I think MLK’s definition of racism is spot on - it gets to the heart of things, and also demonstrates that mere racial prejudice of the kind more universal, is not the same as the systemic white supremacy that plagues the United States.
If a man asserts that another man, because of his race, is not good enough to have a job equal to his, or to eat at a lunch counter next to him, or to have access to certain hotels, or to attend school with him, he is by implication affirming that the man does not deserve to exist. He does not deserve to exist because his existence is corrupt and defective.
You can see this throughout MAGA and throughout Trump’s rhetoric. Brown people are corrupting us, so we need to do mass deportations. Jobs should be for white males. Your life sucks because undeserving brown people have stolen your job, your taxes, your healthcare, your housing. And on it goes. MLK will explore this in more depth throughout the chapter. The core idea is one he nails:
Racism is a philosophy based on a contempt for life. It is the arrogant assertion that one race is the center of value and object of devotion, before which other races must kneel in submission. It is the absurd dogma that one race is responsible for all the progress of history and alone can assure the progress of the future. Racism is total estrangement. It separates not only bodies but minds and spirits. Inevitably it descends to inflicting spiritual or physical homicide upon the out-group.
That is so good. Again, it distills MAGA in a nutshell, from the lies about black accomplishments (which, like the accomplishments of women have often been stolen by white males) to the idea that only white males should be in leadership today.
I have mentioned it in other posts in the past, because it is a recurring truth that every black writer has proclaimed, but it is worth saying again:
Racism was created to justify economic exploitation, not the other way around.
It seems to be a fact of life that human beings cannot continue to do wrong without eventually reaching out for some rationalization to clothe their acts in the garments of righteousness.

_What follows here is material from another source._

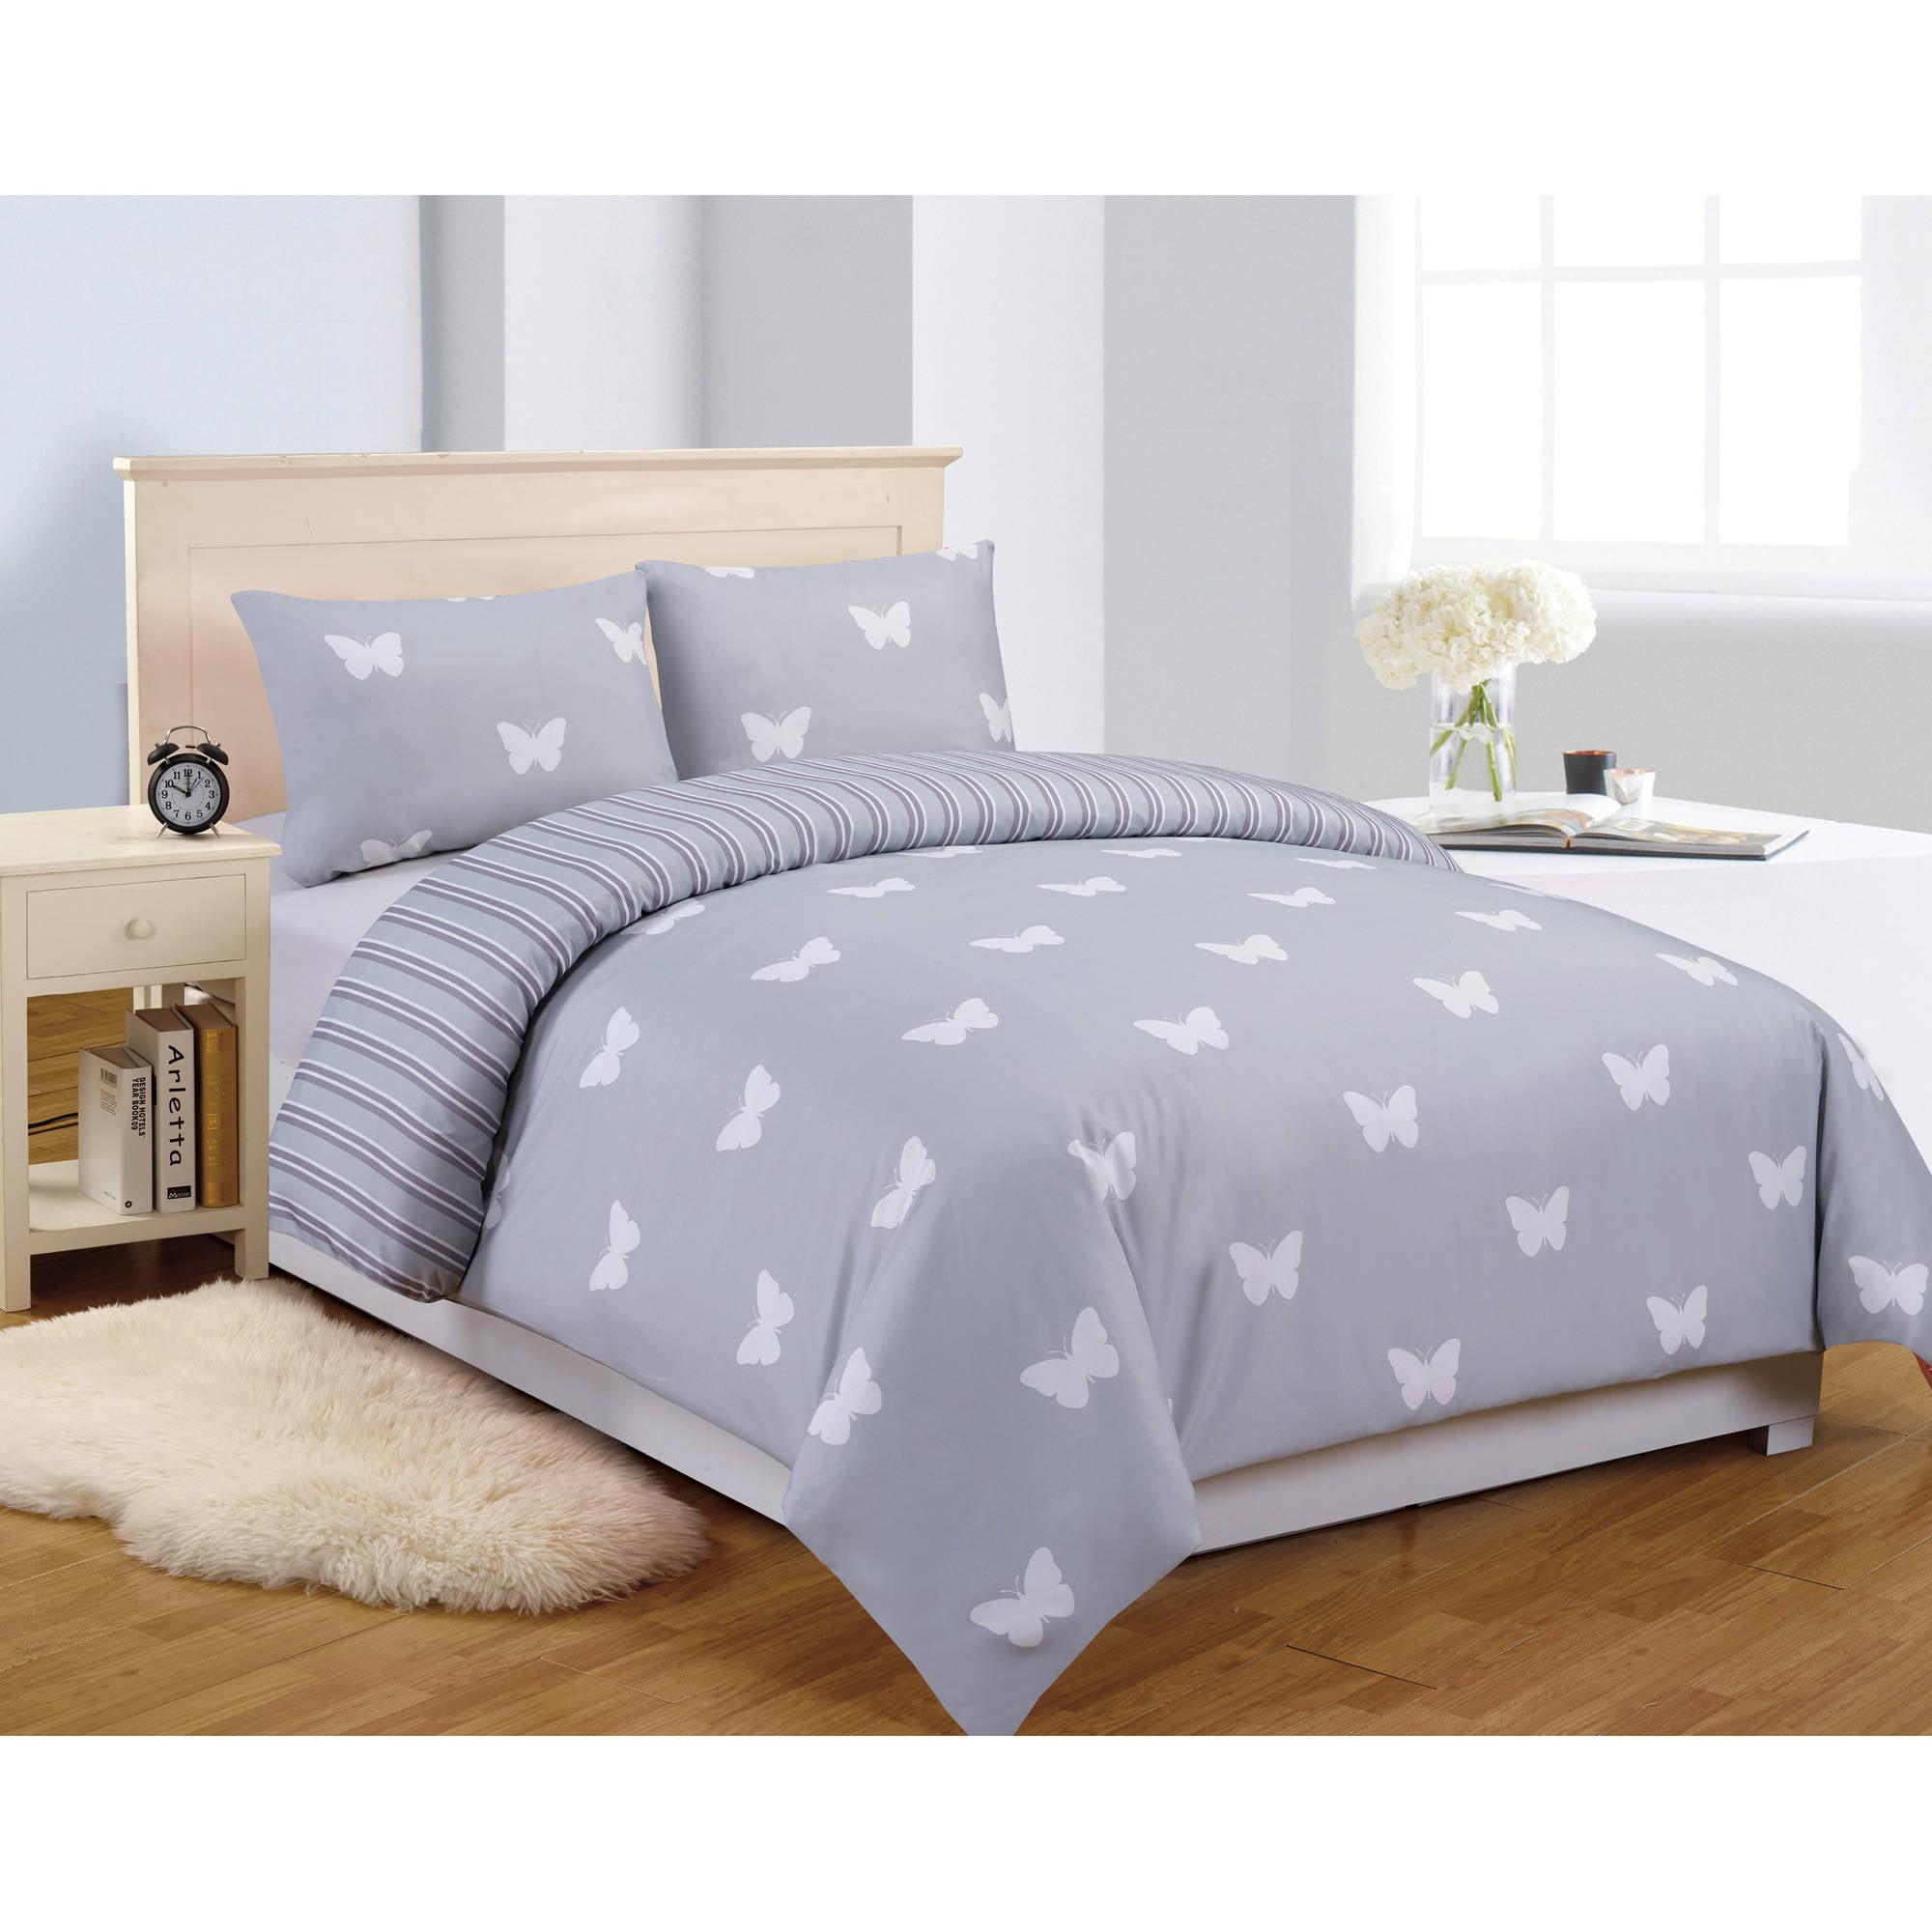 Wink Butterfly 3 Piece Full Comforter Set in Grey

And so, with the growth of slavery, men had to convince themselves that a system which was so economically profitable was morally justifiable. The attempt to give moral sanction to a profitable system gave birth to the doctrine of white supremacy.
This then led to an utter corruption of white religion. Realizing this was a significant factor in my decision to leave organized religion nine years ago.
The greatest blasphemy of the whole ugly process was that the white man ended up making God his partner in the exploitation of the Negro. What greater heresy has religion known? Ethical Christianity vanished and the moral verve of religion was atrophied. This terrible distortion sullied the essential nature of Christianity.
There is indeed no greater heresy than white nationalism. It is from the pit of hell. Realizing that my faith tradition was in fact based on this was devastating, although not quite as much so seeing people like my parents, who literally taught me anti-racism, forsake that faith and instead embrace this filth.
I’ll also make a plug here for another excellent book, Reconstructing the Gospel by Jonathan Wilson-Hartgrove.
Later, MLK notes that even well-intentioned white people have to fight against what is in essence an emotional difficulty. Our culture has inculcated us into certain ways of thinking, and led us to take for granted a certain position of perceived superiority. Even Lincoln struggled with this - but at least he admitted it.
Morally, Lincoln was for black emancipation, but emotionally, like most of his white contemporaries, he was for a long time unable to act in accordance with his conscience.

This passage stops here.